We see that Marie Curie actually got the Nobel prize twice - once in physics and once in chemistry. Linus Carl Pauling got it first in chemistry and later for peace given his work in promoting nuclear disarmament. Also, the International Red Cross was awarded the Peace prize a total of 3 times. The first two times were both during the devastating World Wars.


Solution 5: Number of Prizes per Category

To find the number of unique categories in a column we can use:

df_data.category.nunique()

To generate the vertical plotly bar chart, we again use .value_counts():

prizes_per_category = df_data.category.value_counts()
v_bar = px.bar(
        x = prizes_per_category.index,
        y = prizes_per_category.values,
        color = prizes_per_category.values,
        color_continuous_scale='Aggrnyl',
        title='Number of Prizes Awarded per Category')

v_bar.update_layout(xaxis_title='Nobel Prize Category', 
                    coloraxis_showscale=False,
                    yaxis_title='Number of Prizes')
v_bar.show()


Solution 6: The Economics Prize

The chart above begs the question: "Why are there so few prizes in the field of economics?". Looking at the first couple of winners in the economics category, we have our answer:

df_data[df_data.category == 'Economics'].sort_values('year')[:3]

The economics prize is much newer. It was first awarded in 1969, compared to 1901 for physics.


Solution 7: Male and Female Winners by Category

We already saw that overall, only 6.2% of Nobel prize winners were female. Does this vary by category?

cat_men_women = df_data.groupby(['category', 'sex'], 
                               as_index=False).agg({'prize': pd.Series.count})
cat_men_women.sort_values('prize', ascending=False, inplace=True)

We can combine .groupby() and .agg() with the .count() function. This way we can count the number of men and women by prize category.

We can then use .color the parameter in the .bar() function to mark the number of men and women on the chart:

v_bar_split = px.bar(x = cat_men_women.category,
                     y = cat_men_women.prize,
                     color = cat_men_women.sex,
                     title='Number of Prizes Awarded per Category split by Men and Women')

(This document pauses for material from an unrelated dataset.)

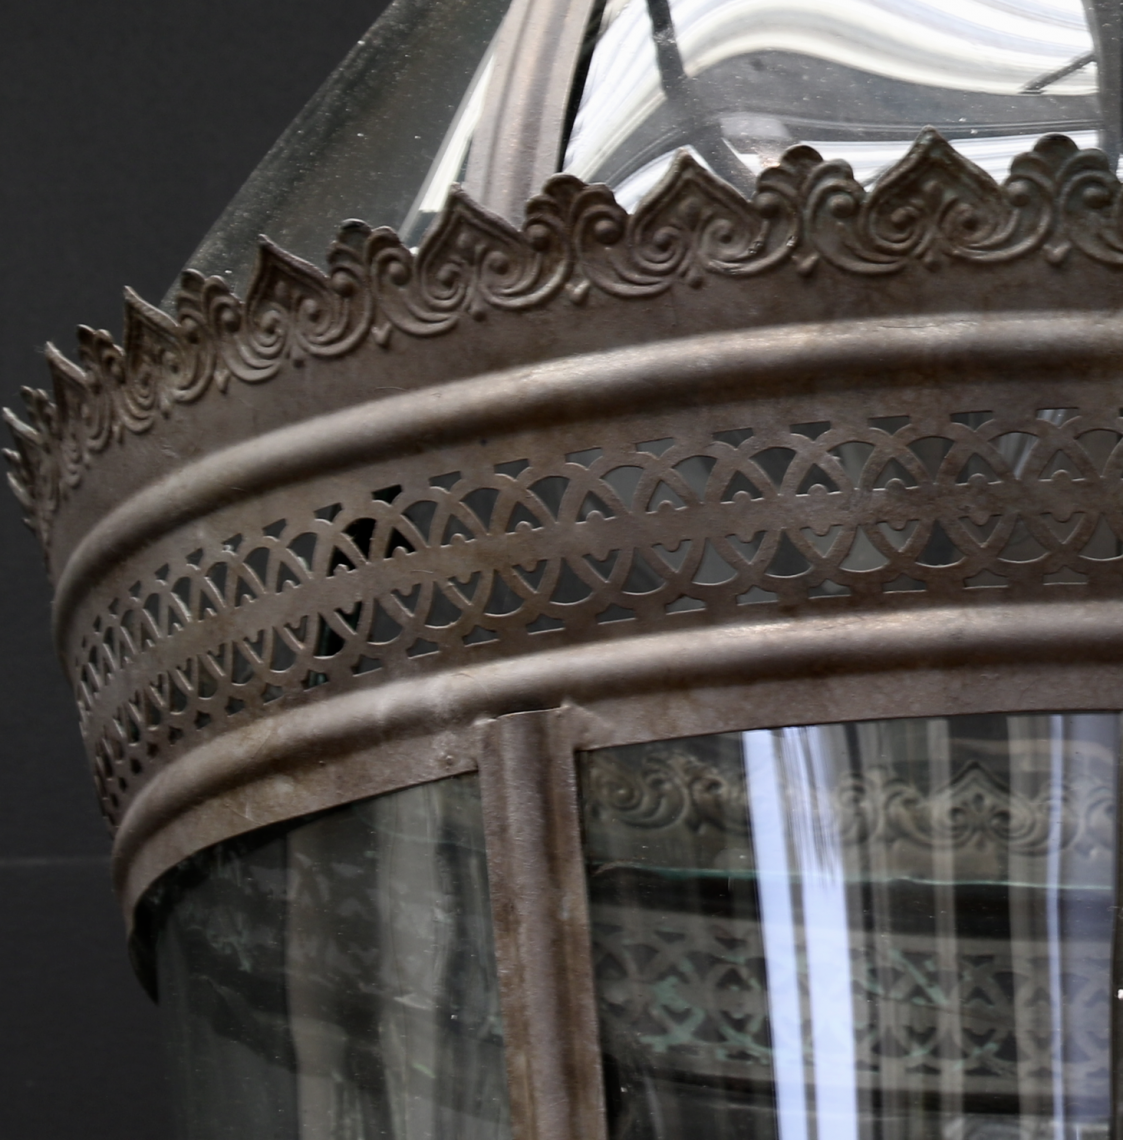 Dome Top Lantern / Antique Brass
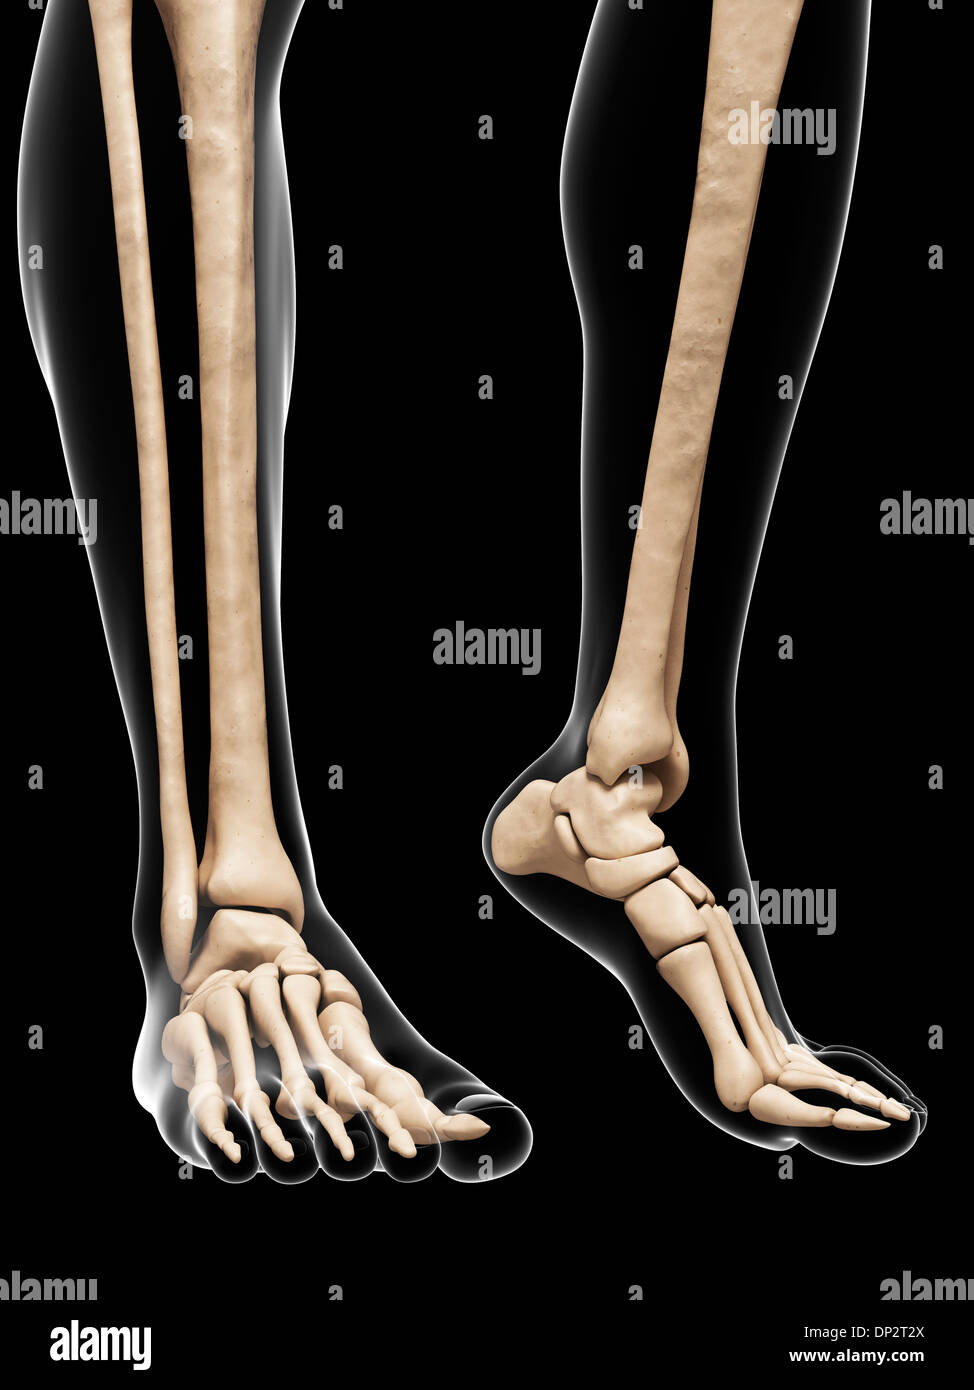 Bones of the feet, artwork Stock Photo

v_bar_split.update_layout(xaxis_title='Nobel Prize Category', 
                          yaxis_title='Number of Prizes')
v_bar_split.show()

We see that overall the imbalance is pretty large with physics, economics, and chemistry. Women are somewhat more represented in categories of Medicine, Literature and Peace. Splitting bar charts like this is an incredibly powerful way to show a more granular picture.